Randolph Harmes Ritual Suicide Mask. 12 x 9 x 3/12 inches, Hard Wood, Mixed Media and Found Objects, date unknown.

Randolph Harmes Ritual Suicide Mask. 12 x 9 x 3/12 inches, Hard Wood, Mixed Media and Found Objects, date unknown.

My experience with Battle of the Fishes—and with the capacity for raw, fluid, emotional communication that automatism can offer—is what drew me to Surrealism and War, but that movement’s ability to cut through reason and give voice to trauma was less present in the exhibition than its printed pamphlet and guide suggest. It isn’t Surrealist technique that binds these artists overall as much as trauma itself, communicated in ways that are often more Expressionist than Surrealist; the spirits of George Grosz and Otto Dix are, for me, more clearly present throughout the exhibition than those of Magritte or Ernst. A vocabulary of nightmarish imagery is another of the exhibition’s unifying forces: bronze cast butchered chickens and tiny frogs individually wrapped in gauze share the space with a variety of assemblages built from bones and a torture-chair whose blade is positioned to slice its occupant straight up the middle. Two strikingly intense mixed media panels by Randolph Harmes sprout grimacing, injured-looking faces, their uncannily lifelike teeth jutting out towards the viewer from within bent wood supports. All of these works make a strong emotional impact, and seeing them gathered together sets them in interesting conversation with one another. The qualities that connect them, seem, however, to derive less from experimentation with automatism or any other strictly Surrealist technique than from the artists’ real-life experiences with combat and violent death, communicated in a relatively straightforward way, and supplemented, perhaps, by a vocabulary of horror imagery extant in the popular visual culture of the present.

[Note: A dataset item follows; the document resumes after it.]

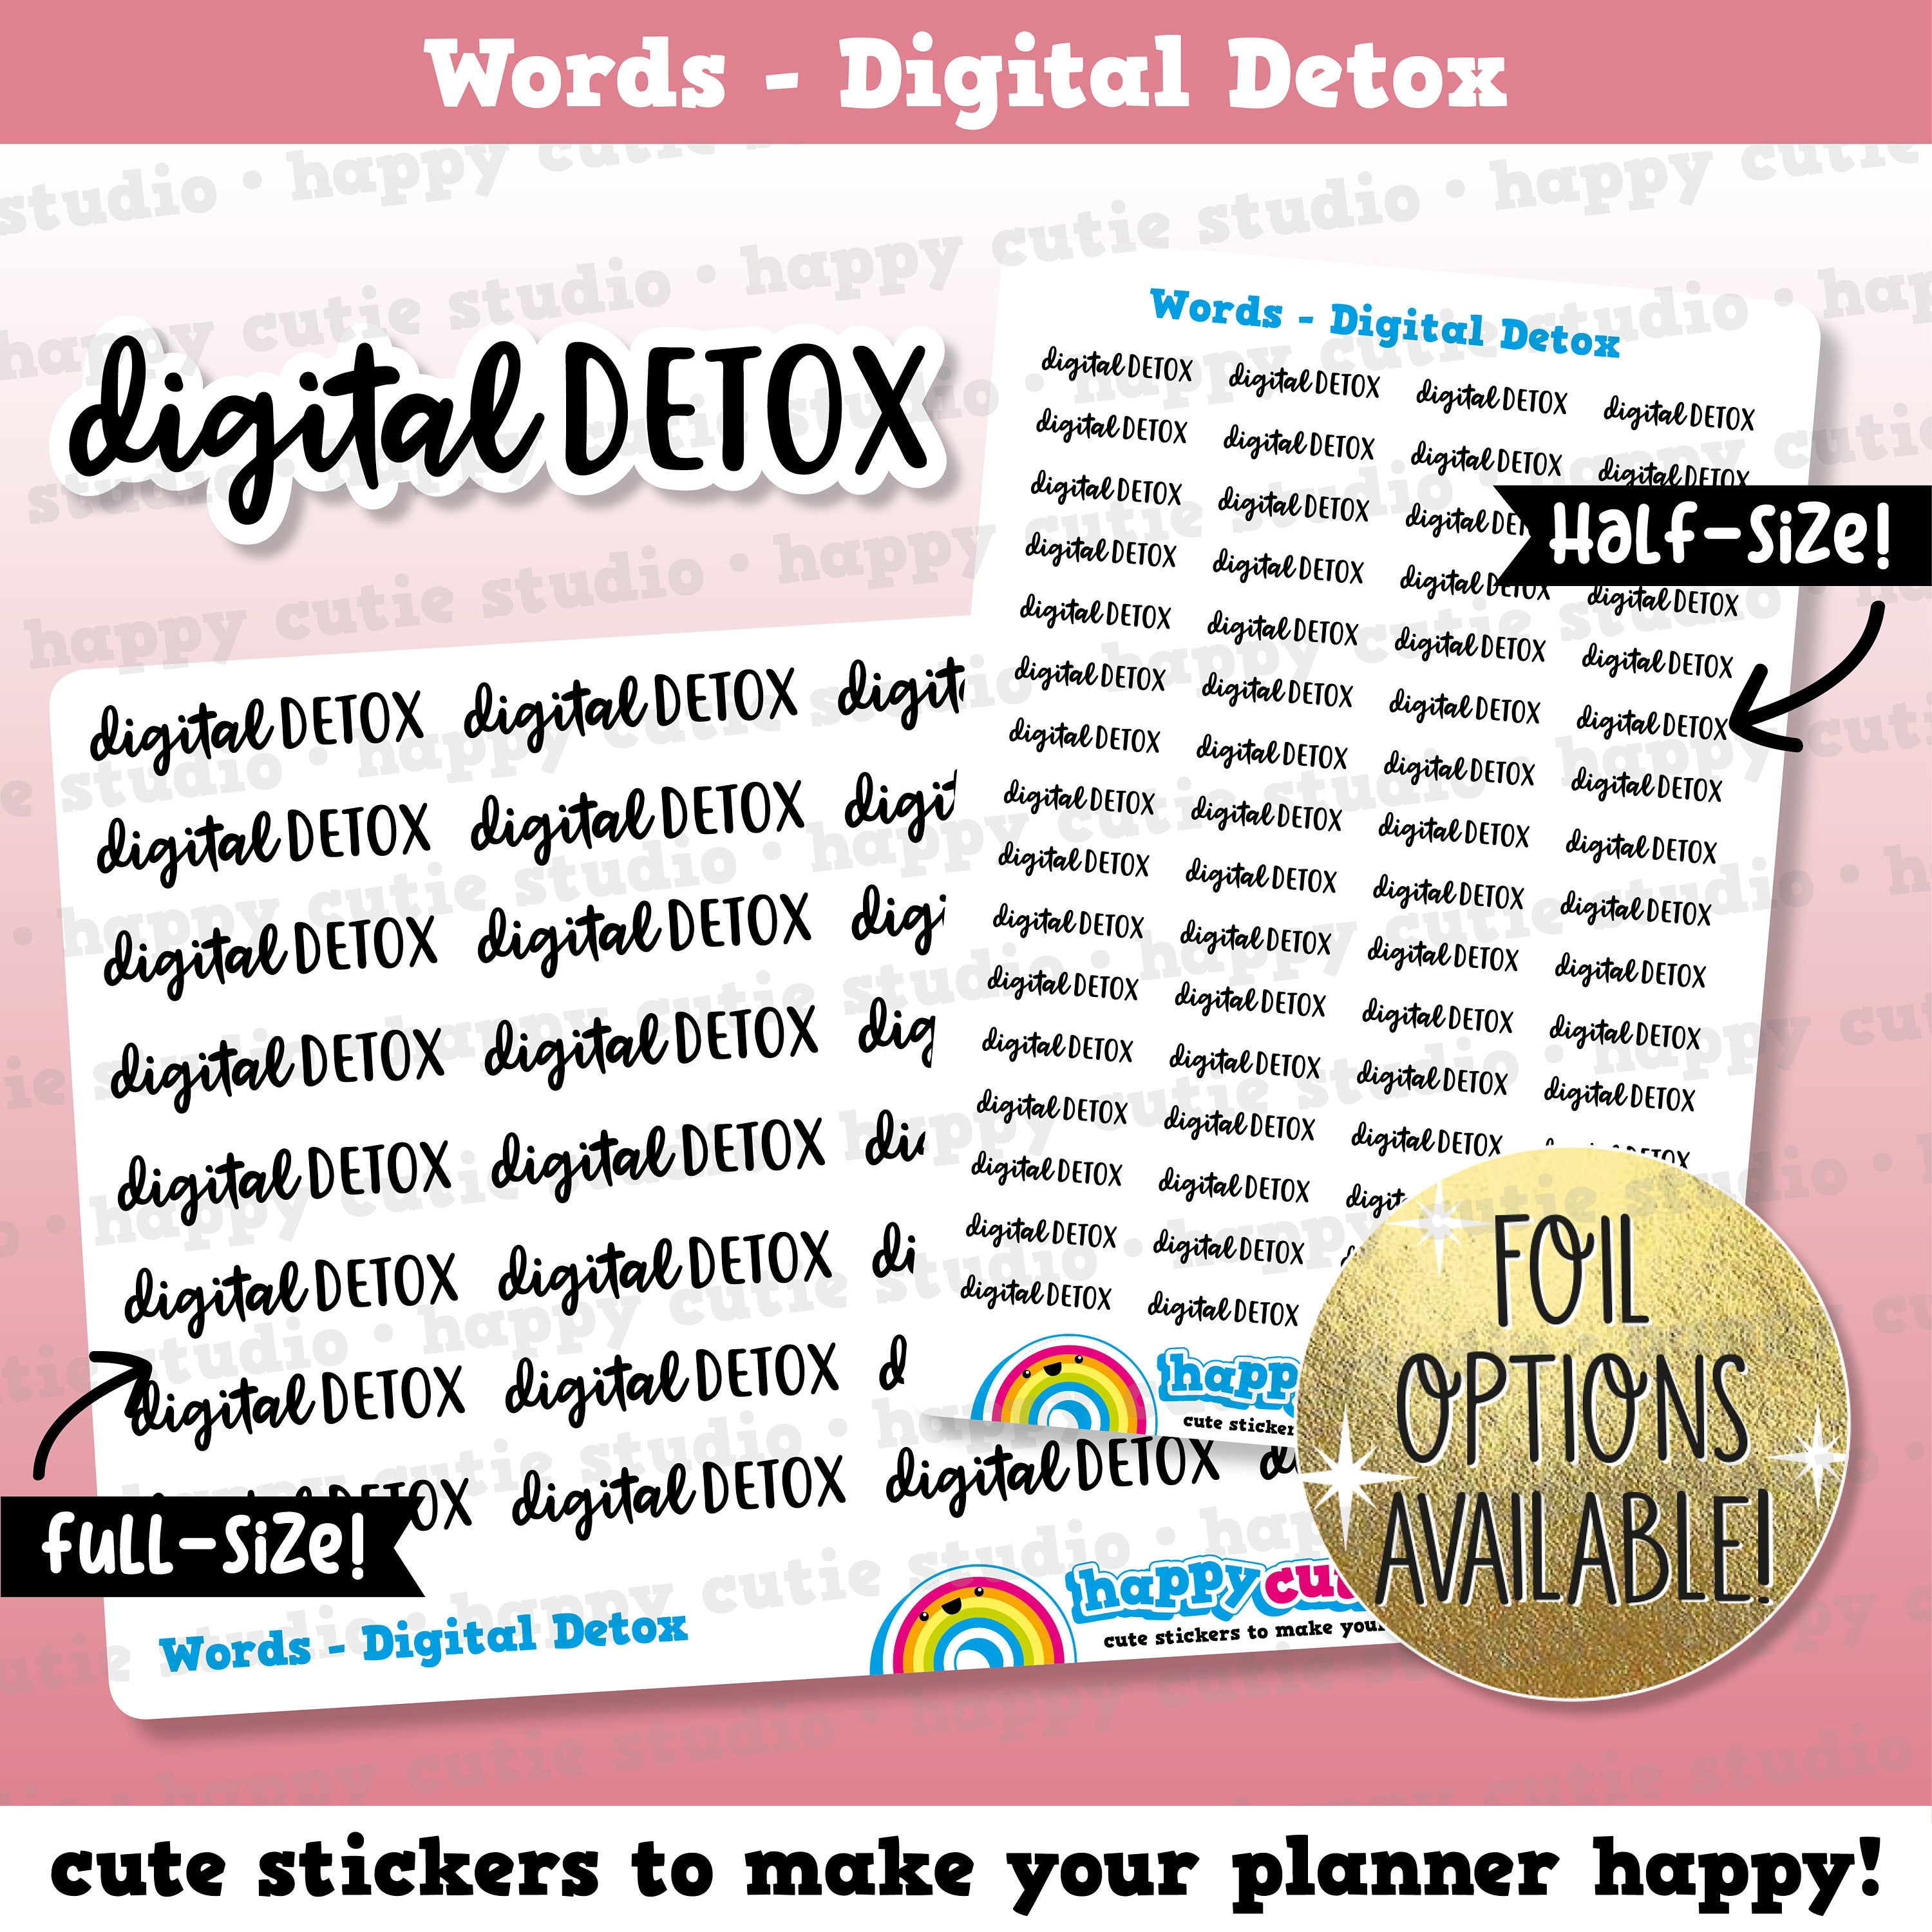 Digital Detox Words/Banners/Functional/Foil Planner Stickers

One of the exhibition’s two rooms is dominated by Jim Leedy’s massive mixed media assemblage The Earth Lies Screaming, a grisly, forty foot long wall composed of scores of human skulls, wrecked dolls, abandoned baby shoes, and animal parts that transform, as you move from left to right, into a rippled surface of swans pushing aggressively through the mass of violent wreckage. As you stand facing the wall— and it is difficult to look away—a set of ghoulish crows, cast in the same white material as the main assemblage, stare down from the gallery ceiling behind your head; you can feel them there before you see them. Leedy’s assemblage is an index of the exhibition as a whole, and offers a better guide to most of its contents than any historical model of Surrealism. Its combination of crows and skulls (literary, and then literal markers of death), its pointing towards transformation (piles of bones become swans-and-bones), and its overall aesthetic: bleak, savage, and just a little bit funny (the tiny, bemused face of a George Washington doll swims, disembodied, amongst the assemblage’s horrors), are qualities with which nearly every other work in the exhibition shares something fundamental.